-- EXTRACTED MATERIAL follows --

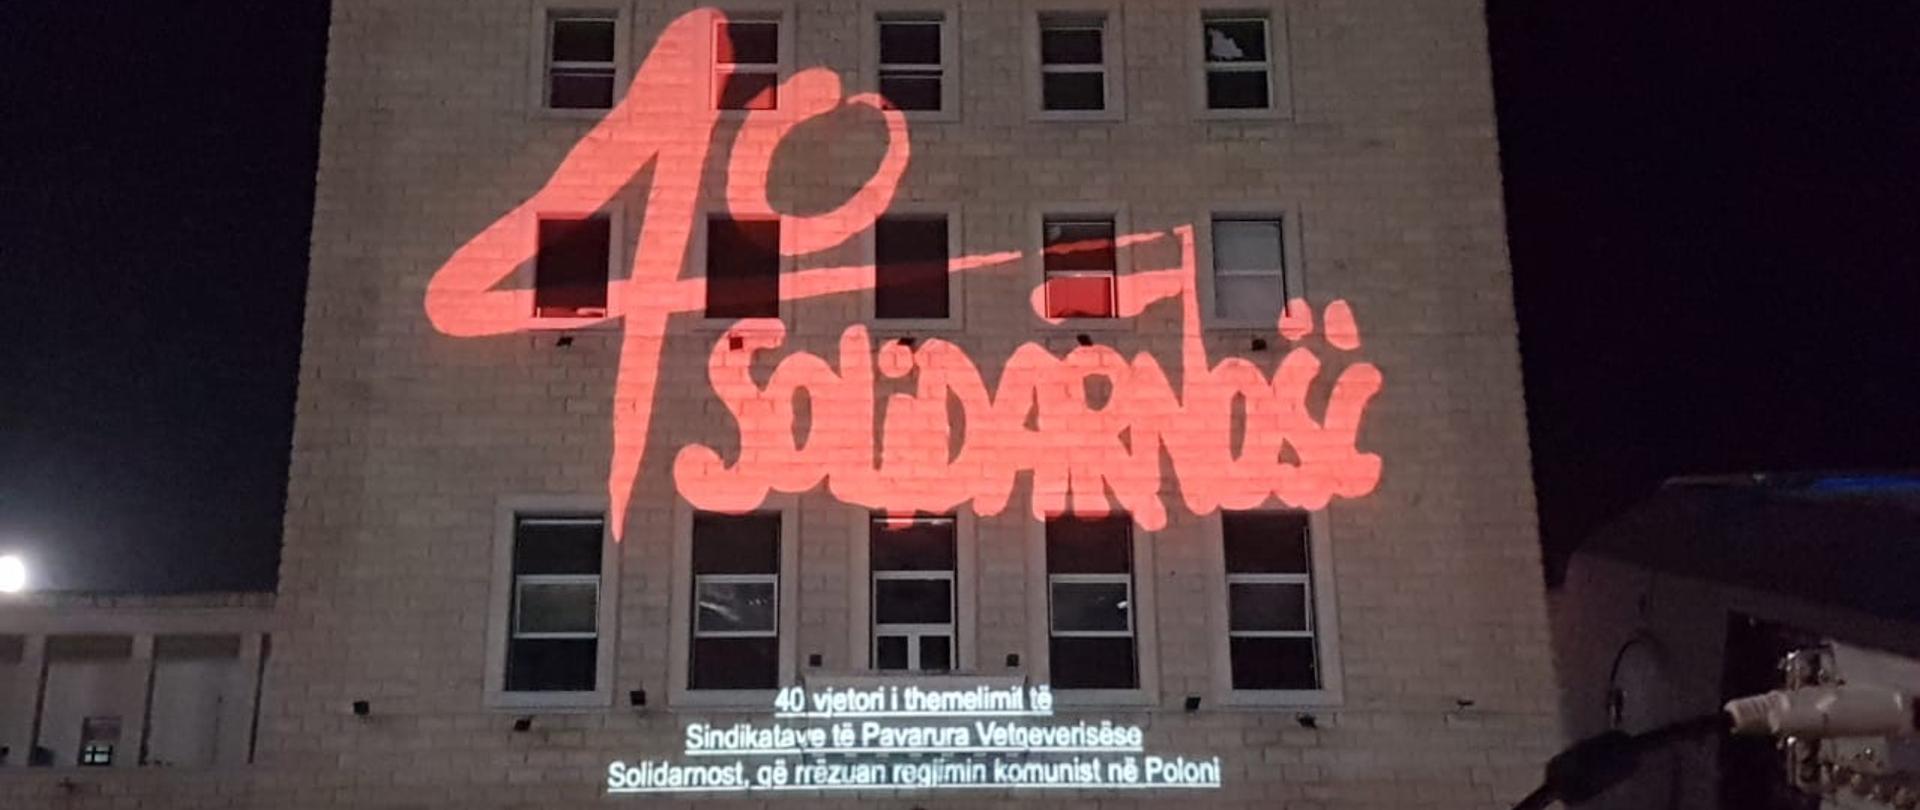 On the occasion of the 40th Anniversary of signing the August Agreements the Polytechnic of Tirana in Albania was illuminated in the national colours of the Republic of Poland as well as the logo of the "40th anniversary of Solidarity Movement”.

-- EXTRACTED MATERIAL concluded --
-- EXTRACTED MATERIAL follows --

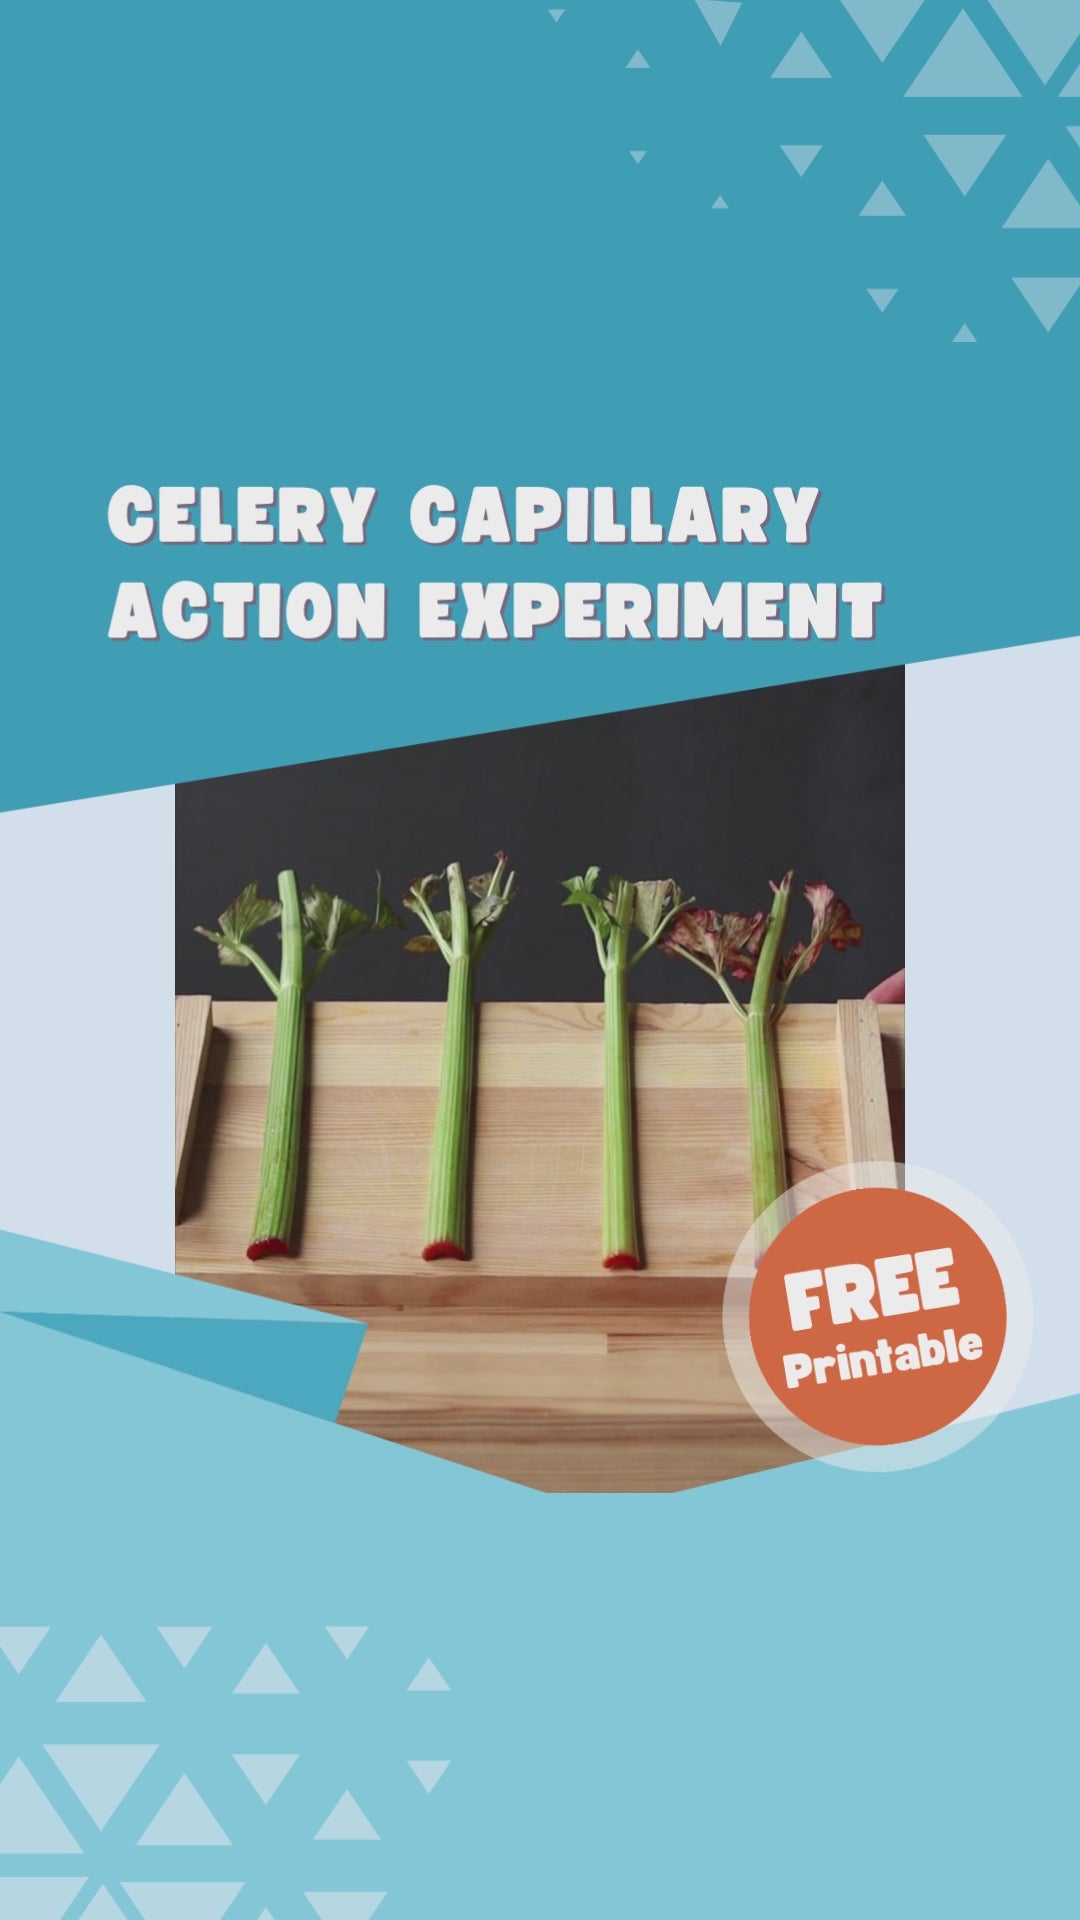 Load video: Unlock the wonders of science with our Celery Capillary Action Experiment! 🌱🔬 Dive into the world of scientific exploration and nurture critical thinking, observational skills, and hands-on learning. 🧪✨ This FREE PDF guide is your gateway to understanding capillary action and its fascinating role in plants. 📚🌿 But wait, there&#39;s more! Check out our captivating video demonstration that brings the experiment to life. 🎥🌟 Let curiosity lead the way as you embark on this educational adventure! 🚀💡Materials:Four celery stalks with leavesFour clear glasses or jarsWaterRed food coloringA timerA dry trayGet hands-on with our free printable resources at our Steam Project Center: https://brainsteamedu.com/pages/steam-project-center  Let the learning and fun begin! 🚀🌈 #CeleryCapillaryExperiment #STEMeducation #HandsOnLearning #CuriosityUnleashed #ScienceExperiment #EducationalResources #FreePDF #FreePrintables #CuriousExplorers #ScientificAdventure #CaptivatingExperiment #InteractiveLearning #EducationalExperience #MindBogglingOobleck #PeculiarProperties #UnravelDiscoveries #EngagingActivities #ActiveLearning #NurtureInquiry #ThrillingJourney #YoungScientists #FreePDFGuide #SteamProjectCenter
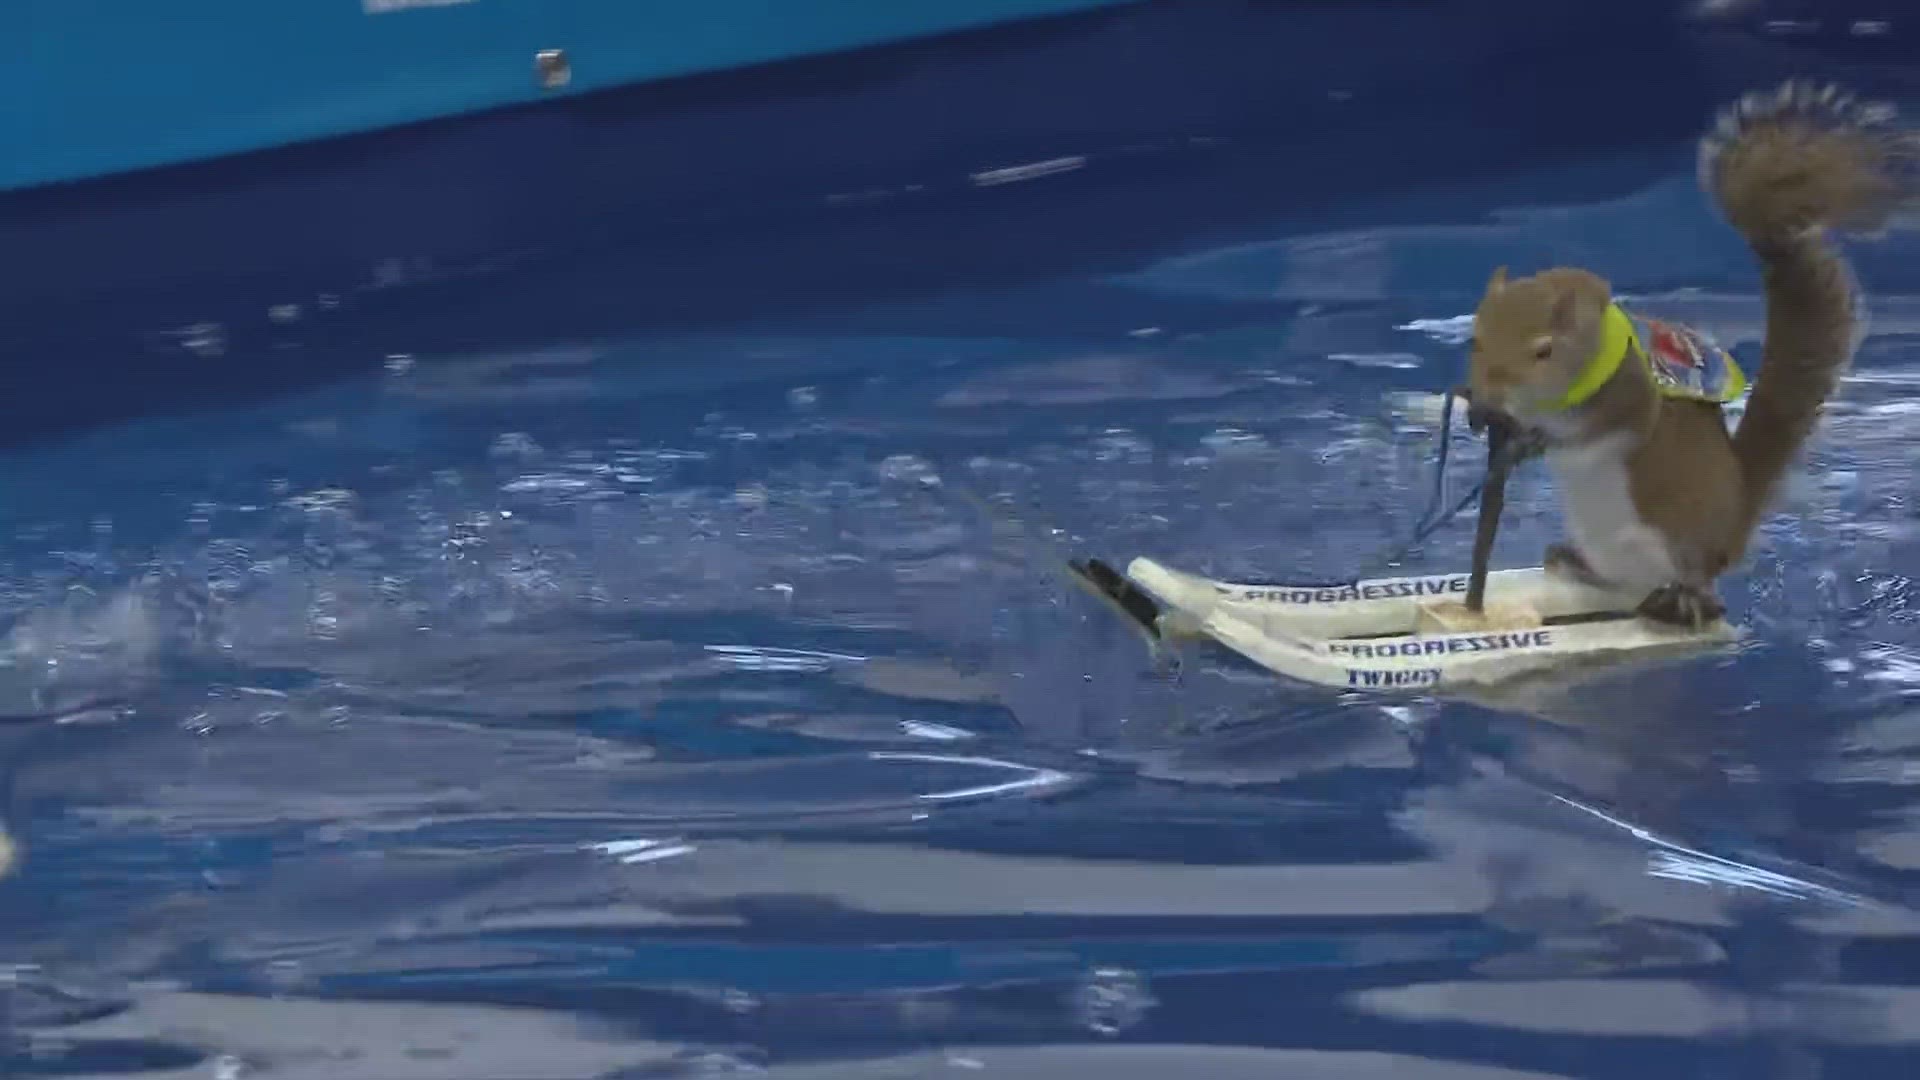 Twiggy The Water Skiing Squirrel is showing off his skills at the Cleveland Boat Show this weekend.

-- EXTRACTED MATERIAL concluded --

WHAT IS BEING ASKED:
Look above for the line with "Load video: Unlock" and the line with "Twiggy The Water"; set down those two lines and all lines between them exactly, without pictures and without anything else.

THE ANSWER:
 Load video: Unlock the wonders of science with our Celery Capillary Action Experiment! 🌱🔬 Dive into the world of scientific exploration and nurture critical thinking, observational skills, and hands-on learning. 🧪✨ This FREE PDF guide is your gateway to understanding capillary action and its fascinating role in plants. 📚🌿 But wait, there&#39;s more! Check out our captivating video demonstration that brings the experiment to life. 🎥🌟 Let curiosity lead the way as you embark on this educational adventure! 🚀💡Materials:Four celery stalks with leavesFour clear glasses or jarsWaterRed food coloringA timerA dry trayGet hands-on with our free printable resources at our Steam Project Center: https://brainsteamedu.com/pages/steam-project-center  Let the learning and fun begin! 🚀🌈 #CeleryCapillaryExperiment #STEMeducation #HandsOnLearning #CuriosityUnleashed #ScienceExperiment #EducationalResources #FreePDF #FreePrintables #CuriousExplorers #ScientificAdventure #CaptivatingExperiment #InteractiveLearning #EducationalExperience #MindBogglingOobleck #PeculiarProperties #UnravelDiscoveries #EngagingActivities #ActiveLearning #NurtureInquiry #ThrillingJourney #YoungScientists #FreePDFGuide #SteamProjectCenter
 Twiggy The Water Skiing Squirrel is showing off his skills at the Cleveland Boat Show this weekend.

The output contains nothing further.